Кровь залила светлое сюрко и светло-голубое блио графа, он покачнулся и упал бы, не поддержи его слуги.

– Возможно, именно вы, мессен Раймон, пока не являетесь еретиком катаром, хотя и делали попытки покинуть лоно церкви и вступить в общину. Нам известно тем не менее, что ваша сестра Аделаида, виконтесса Каркассона, является приверженкой ереси, равно как и чуть ли не все ваши приближенные. Даже в вашей свите, прибывшей в Париж вместе с вами, мы насчитали по девять еретиков на каждые десять человек.

– У них даже мыши в закромах еретички, – рассмеялся брат короля, жадно посматривая на драгоценные цепи Раймона, сверкающие на его окровавленной груди и животе подобно кольчуге.

– Зато в ваших закромах, сир, последняя мышь повесилась от голода, – зашипел в ответ ему тулузский граф.

В тот же день Раймон Шестой был отлучен от церкви. Правда, ему удалось ценой двух своих лучших украшений добиться свободы, и тем из баронов своей свиты и их слуг, которые исповедовали религию еретиков, и вернуться в Тулузу без потерь. Но эта маленькая победа была ничто в сравнении с тем несчастьем, которое обрушилось на его подданных, отринутых вместе с опальным графом святой церковью. И лишенных благословения на эту жизнь и благодати в жизни вечной.
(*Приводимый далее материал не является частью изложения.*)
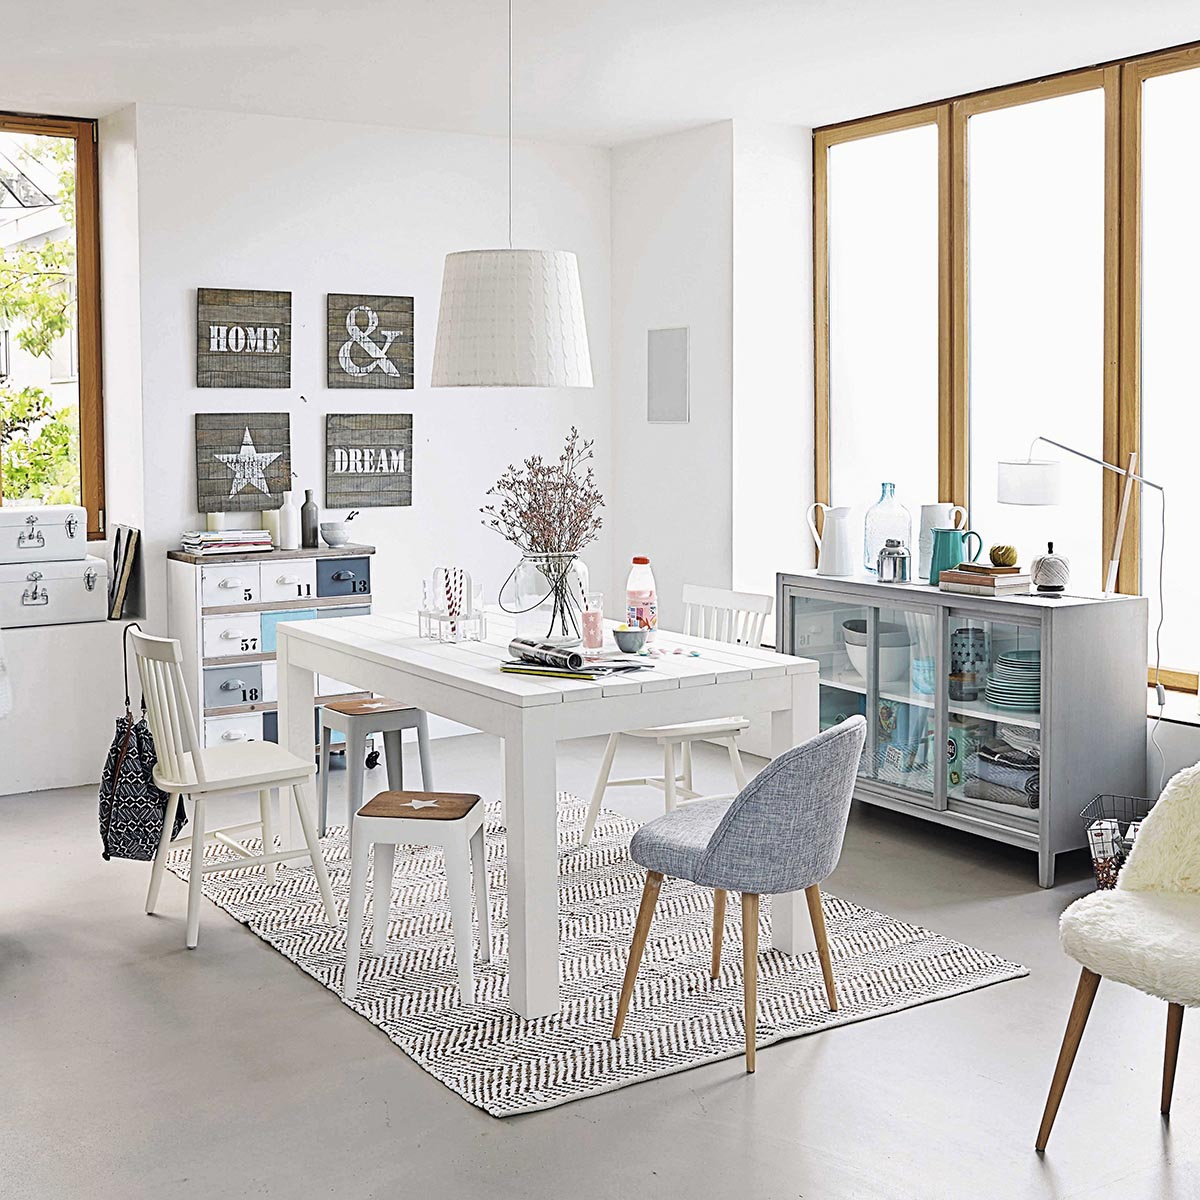 mesa con sillas blancas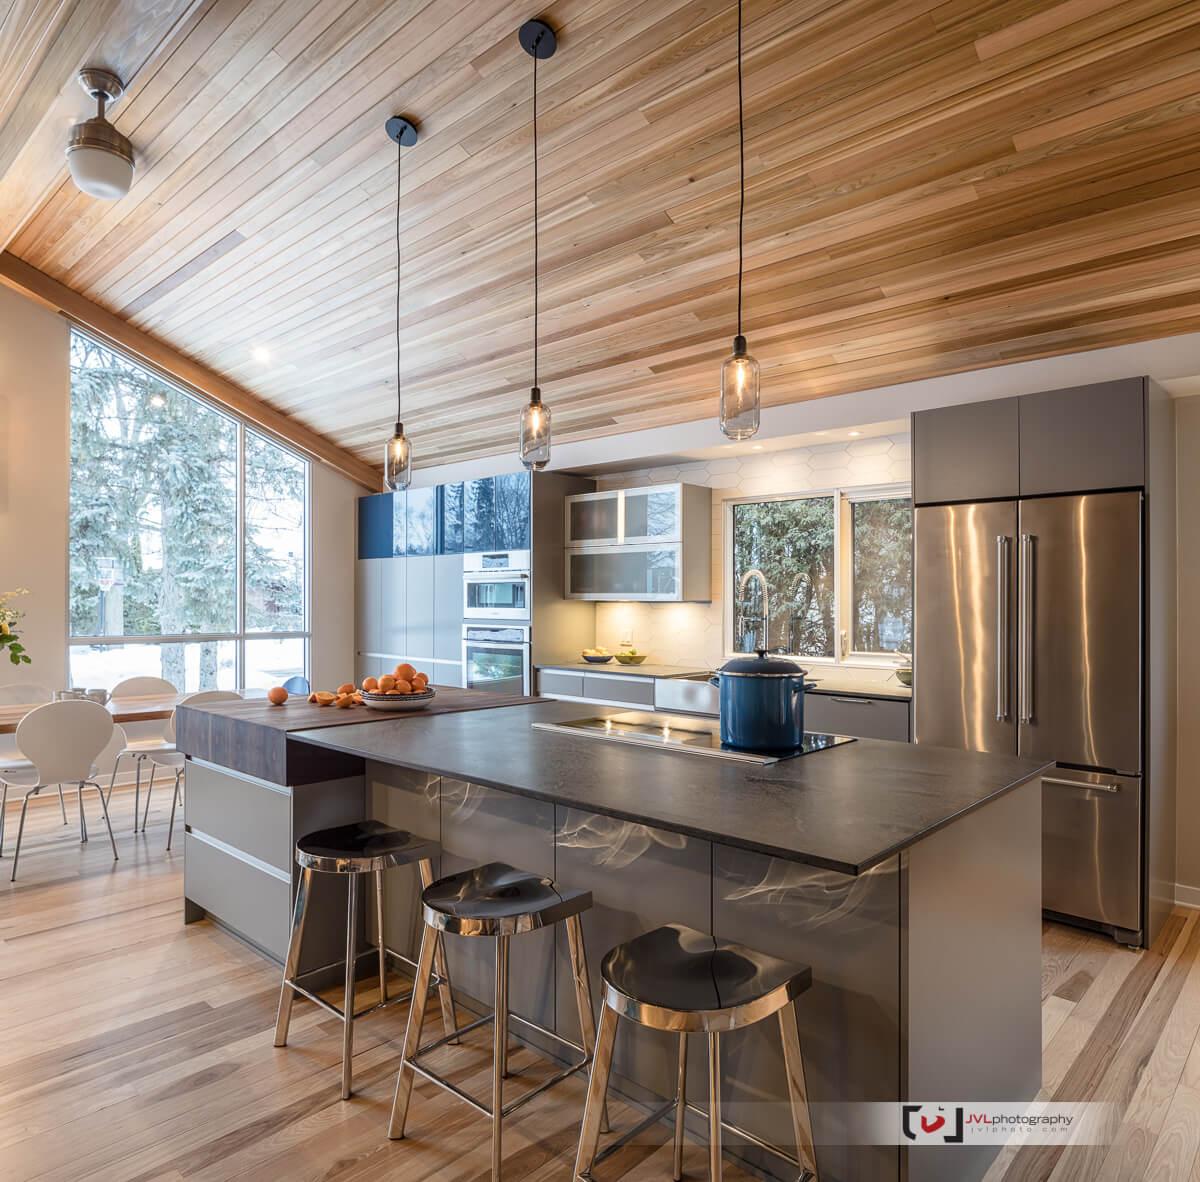 Ottawa Interior Photography: Kitchens By Astro Design

Кто же мог предположить, что это было только начало бед, выпавших на долю Тулузского графства и всего Лангедока в целом?

О том, как Раймону Шестому удалось, приняв удар на себя, предотвратить вторжение Ричарда Львиное Сердце в Тулузу и снять церковную опалу с графства

После того как страшная весть об отлучении добралась наконец до Тулузы и граф Раймон самолично подтвердил ходившие слухи, графство изменилось почти до неузнаваемости. Так, что казалось, будто бы каждый дом в Тулузе оделся в траурные одежды. Повсюду слышался плач. Плакали простолюдинки на улицах, разрывая на себе одежды, они валялись в грязи, зовя Бога и не слыша ответа. Плакали на папертях храмов, разбивая себе головы в земных поклонах. Кто-то от страха и беспризорности подался в секты, кто-то, надев белые одежды, вскрывал себе вены, расставаясь с жизнью.

Отлученным запрещалось справлять любые священные ритуалы, венчаться, крестить младенцев, хоронить. Я сам видел, как одна мать, принеся в храм своего новорожденного ребенка и узнав, что его нельзя принять в лоно церкви, взяла младенца за ноги и разбила его крошечную головку о стену. Она неистово смеялась и плакала.

В замке похудевший и как бы сразу же постаревший Раймон собрал своих баронов, для того чтобы решить, что делать.

Странный вопрос: «что делать?». Нужно было выкладывать деньги, причем немалые.

Министр финансов предлагал поторговаться с Парижем, но мессен Раймон, ударив кулаком по дубовому круглому столу совета, заставил его замолчать.